Koko Eating Bananas medium

Problem Statement

Koko loves to eat bananas. There are piles of bananas, where piles[i] is the number of bananas in the i-th pile. Koko can decide her bananas-per-hour speed of k. Each hour, she chooses some pile of bananas, and eats k bananas from that pile. If the pile has less than k bananas, she eats all of them instead, and will not eat any more bananas during this hour.

Koko likes to eat slowly, but still wants to finish eating all the bananas before h hours.

Return the minimum integer k such that she can eat all the bananas within h hours.

Example 1:

Input: piles = [3,6,7,11], h = 8 Output: 4

Explanation: Koko can eat all the bananas in 8 hours if her speed is 4:

• Hour 1: Eat 4 bananas from the first pile (3 + 1)
• Hour 2: Eat 4 bananas from the second pile (6)
• Hour 3: Eat 4 bananas from the third pile (7)
• Hour 4: Eat 4 bananas from the fourth pile (11) If her speed is less than 4, she will need more than 8 hours.

Example 2:

Input: piles = [30,11,23,4,20], h = 5 Output: 30

Explanation: Koko can eat all the bananas in 5 hours if her speed is 30. She can eat 30 bananas from the first pile in the first hour, etc.

Steps:

1. Define a function minEatingSpeed: This function takes the piles array and h as input.
2. Binary Search: The key is to realize that the minimum speed is 1 (eat one banana per hour) and the maximum speed is the largest pile size (eat all bananas in a pile in one hour).

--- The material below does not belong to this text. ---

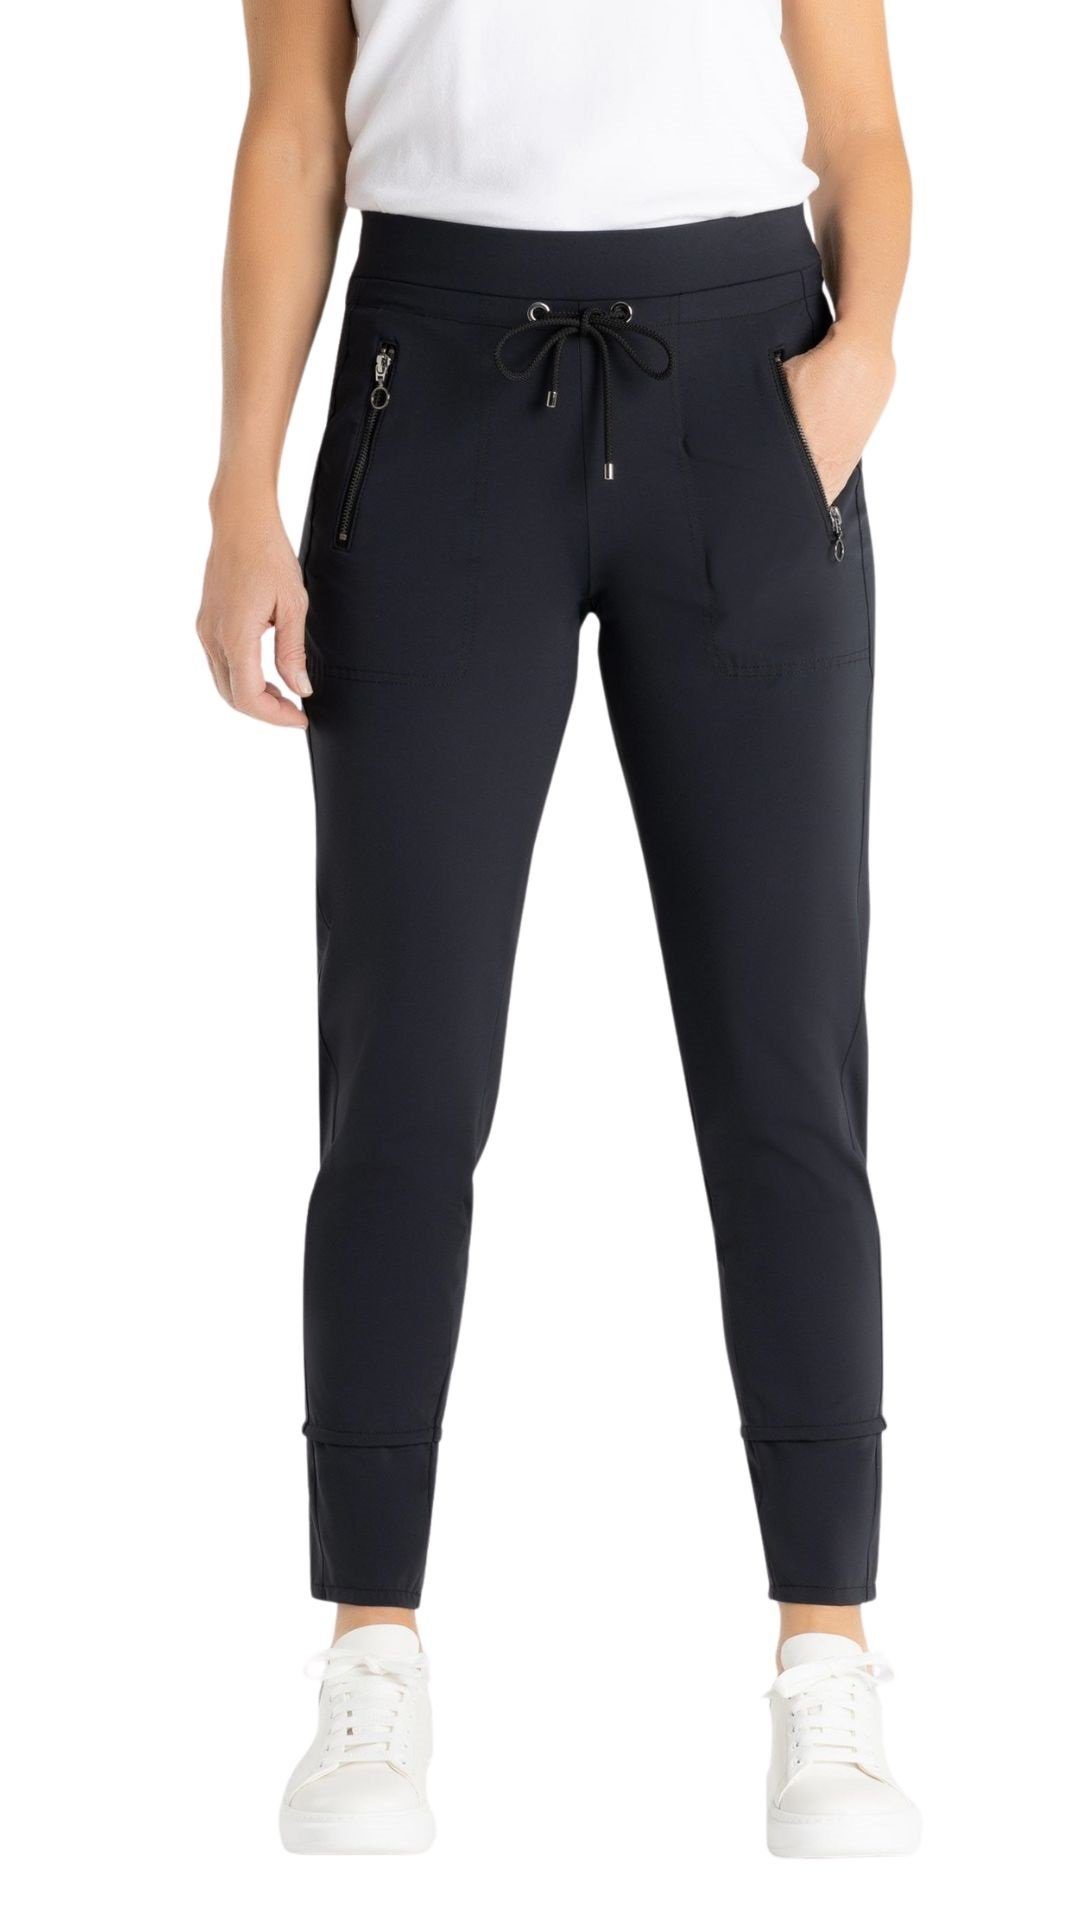 MAC Jogger Pants Easy Active Relaxed Fit mit Tunnelzug aus leichtem Techno Stretch black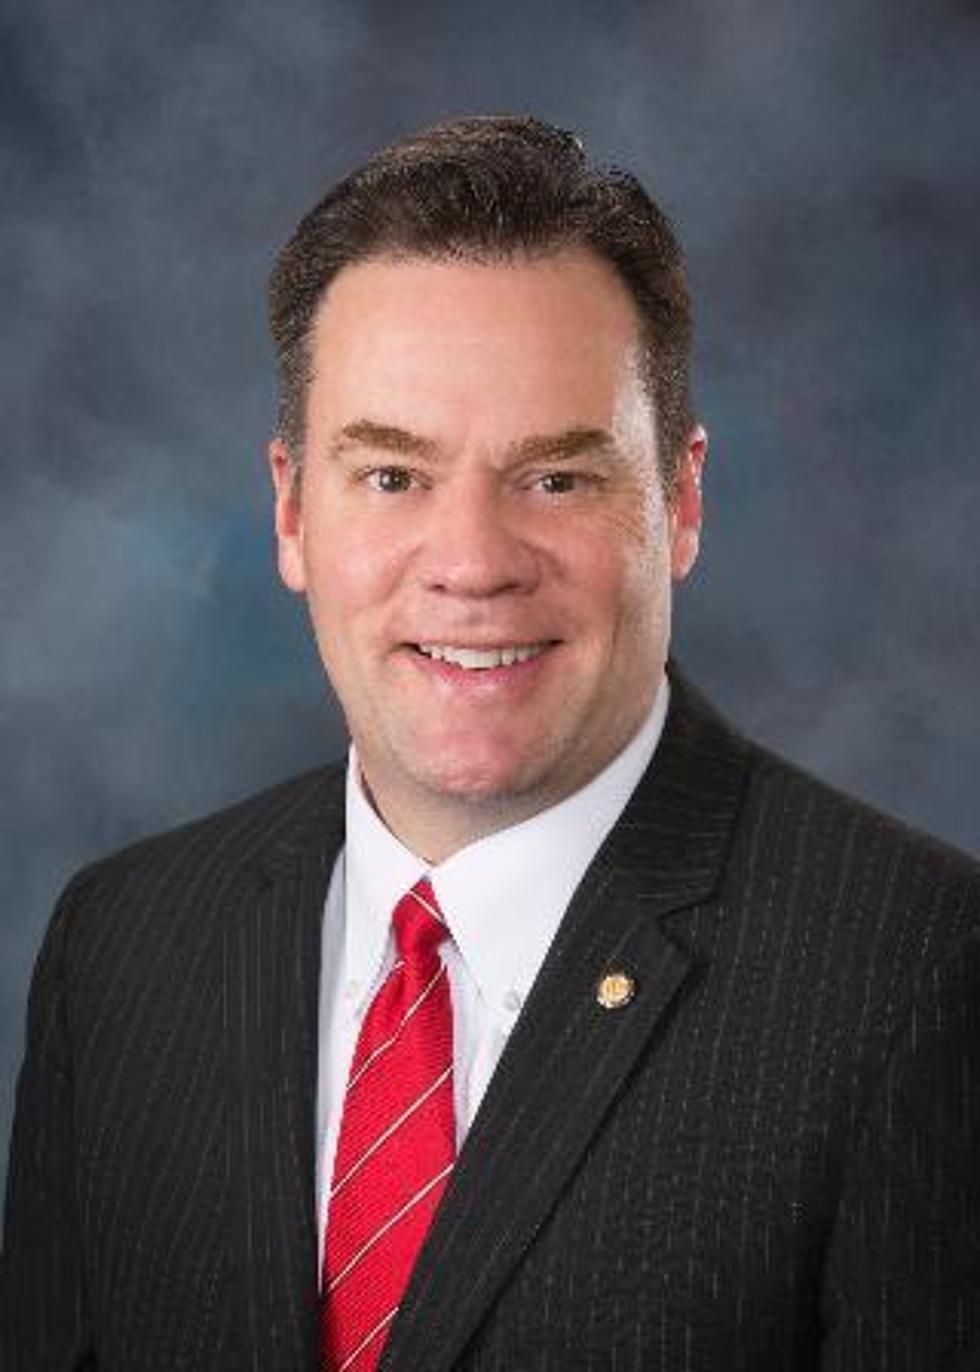 Idaho State Senator Officialy Files to Run for Governor

We can use binary search to efficiently find the minimum speed within this range.
3. Check Feasibility: In each iteration of the binary search, we calculate the total hours needed with the current speed k. We do this by iterating through the piles and calculating the ceiling of piles[i] / k (number of hours needed for each pile). If the total hours exceed h, we need a faster speed (increase the left bound of the search). Otherwise, we try a slower speed (decrease the right bound).
4. Return the minimum speed: The loop continues until left becomes equal to right, at which point left (or right) represents the minimum speed.

Explanation:

Binary search is used because the time required to eat all bananas is a monotonically decreasing function of the eating speed. If a speed k takes too long, then any speed less than k will also take too long. Conversely, if a speed k is fast enough, then any speed greater than k will also be fast enough. This monotonic property makes binary search an efficient approach.

Code:

import math

def minEatingSpeed(piles, h):
    left, right = 1, max(piles)  # Initialize the search space
    while left < right:
        mid = (left + right) // 2
        total_hours = sum(math.ceil(pile / mid) for pile in piles)
        if total_hours <= h:
            right = mid  # Try a slower speed
        else:
            left = mid + 1  # Need a faster speed
    return left  # left == right at the end

Complexity:

• Time Complexity: O(N log M), where N is the number of piles and M is the maximum number of bananas in a pile. The binary search takes O(log M) iterations, and each iteration involves iterating through the N piles.
• Space Complexity: O(1). The algorithm uses a constant amount of extra space.